Phone Call Made To Wife, Mother
Passengers on one of the planes terrorists crashed into the
World Trade Center on September 11, 2001, planned to resist the
hijackers, according to the widow of one of the passengers who was
interviewed by CNN. About three-and-a-half minutes before the
doomed United Airlines Flight 175 struck the trade center's south
tower, Brian David Sweeney, a 38-year-old former U.S. Navy pilot
from Barnstable, Mass., made two phone calls. Sweeney left a
message for his wife, Julie, on his home answering machine, then he
called his mom.
"We assume he was calling from the back of the plane, because he
said, 'They might come back here. I might have to go. We are going
to try to do something about this,' " Julie recalled.

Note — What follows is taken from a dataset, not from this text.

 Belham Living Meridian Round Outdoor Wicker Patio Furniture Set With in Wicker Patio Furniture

The calls came to light in a January statement from the
independent commission investigating the attacks. Louise Sweeney
confirmed that her son called, but said the details were too
personal for her to discuss. Julie Sweeney, who has since
remarried, was willing to describe the call Brian Sweeney made to
his mom.
"Whether he was doing something or whether they [the hijackers]

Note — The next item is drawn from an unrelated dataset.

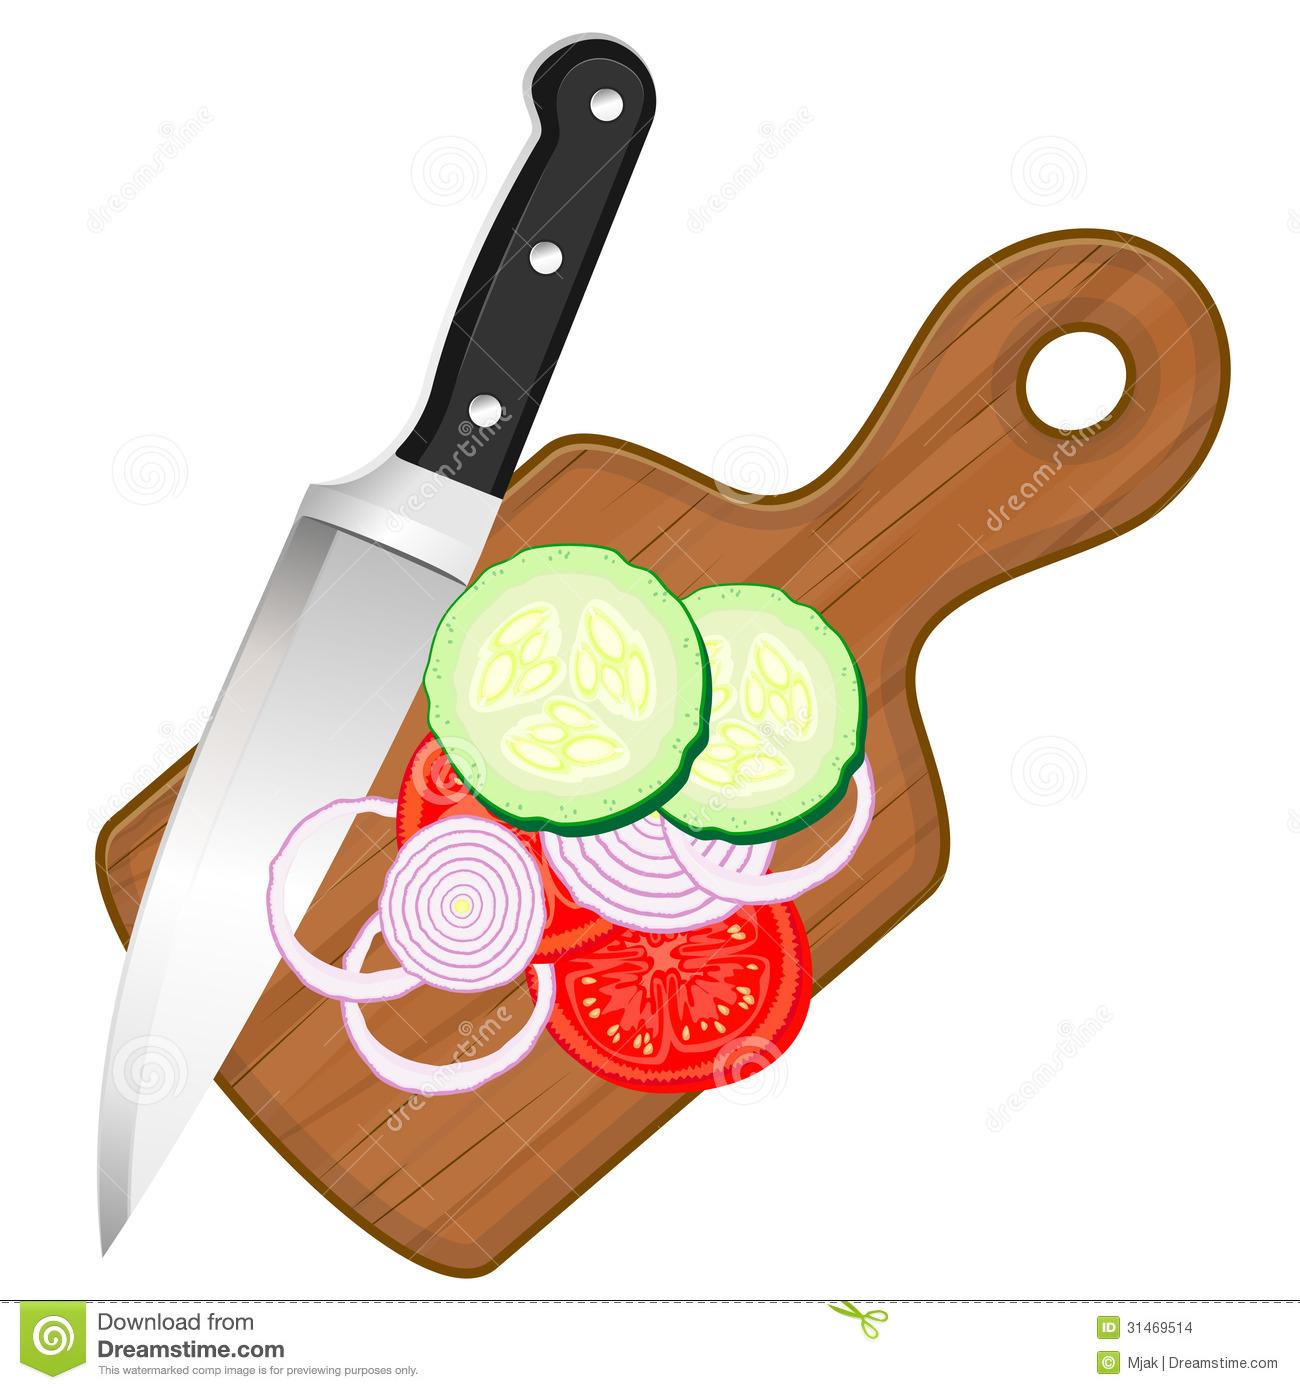 Chop vegetables clipart.

were coming back, I don't know that," she said. "It was more
speculative than fact as far as why he hung up the phone quickly --
whether it's because they were charging the cockpit or whether they
were coming back to where he was and he didn't want to be seen on a
phone.
She said he then told his mother he loved her and hung up the
phone. His mother switched on her television to see live pictures
of her son's plane crashing, Julie Sweeney said.
"Do I believe Brian went down swinging?" she said. "Absolutely.
Do I believe it was too late? Absolutely. Regardless of 'what if,
what if, what if,' it won't change the outcome."
The message Brian Sweeney left his wife on their answering
machine was a farewell, she said. "If things don't go well, and
it's not looking good, I want you to know I absolutely love you,"
Julie Sweeney recalled him saying.
Julie Sweeney said she thinks the main reason Brian made the
calls was to "let us know where he was, what was happening, and to
give us his final love and wishes for our lives, because he knew he
was on a doomed flight," she said
The Sweeneys described the two phone calls to FBI agents who
visited them the day of the attacks on the World Trade Center and
the Pentagon.
Brian Sweeney's flight, from Boston, Massachusetts, to Los
Angeles, California, crashed about 15 minutes after hijackers
crashed American Airlines Flight 11, with 87 passengers and crew,
into the trade center's north tower. Sweeney, who flew an F-14 in
the Persian Gulf War and was a U.S. Navy flight instructor for the
Navy in Miramar, California, was working for a Defense Department
contractor, Brandes Associates.
United Airlines Flight 93, which crashed into the ground in
rural Pennsylvania, was believed to be the only September 11 flight
in which passengers were able to battle the hijackers. Informed of
the earlier crashes, several passengers aboard rose to the rallying
cry "Let's Roll," the final known words uttered by Todd Beamer, and
tried to overtake the hijackers. The plane, which was headed to the
nation's capital, most likely aiming for the White House or U.S.
Capitol, crashed in an empty coal field in Shanksville.
The independent commission investigating the September 11
attacks disclosed in a January staff statement that Sweeney was one
of three people aboard Flight 175 who made phone calls. Fellow
passenger Peter Burton Hanson and flight attendant Robert Fangman
were the others.
"Reports from Flight 175 included one passenger predicting the
hijackers intended to fly an aircraft into a building," the
commission staff statement said. "Another said the passengers were
considering storming the cockpit." The statement did not indicate
who made the calls. There is no mention of such calls in Congress'
report of its investigation into the attacks.
Telephone calls from two flight attendants from Flight 11 and
one passenger and one flight attendant from American Airlines
Flight 77, which crashed into the Pentagon, have also been reported
to investigators, according to the commission.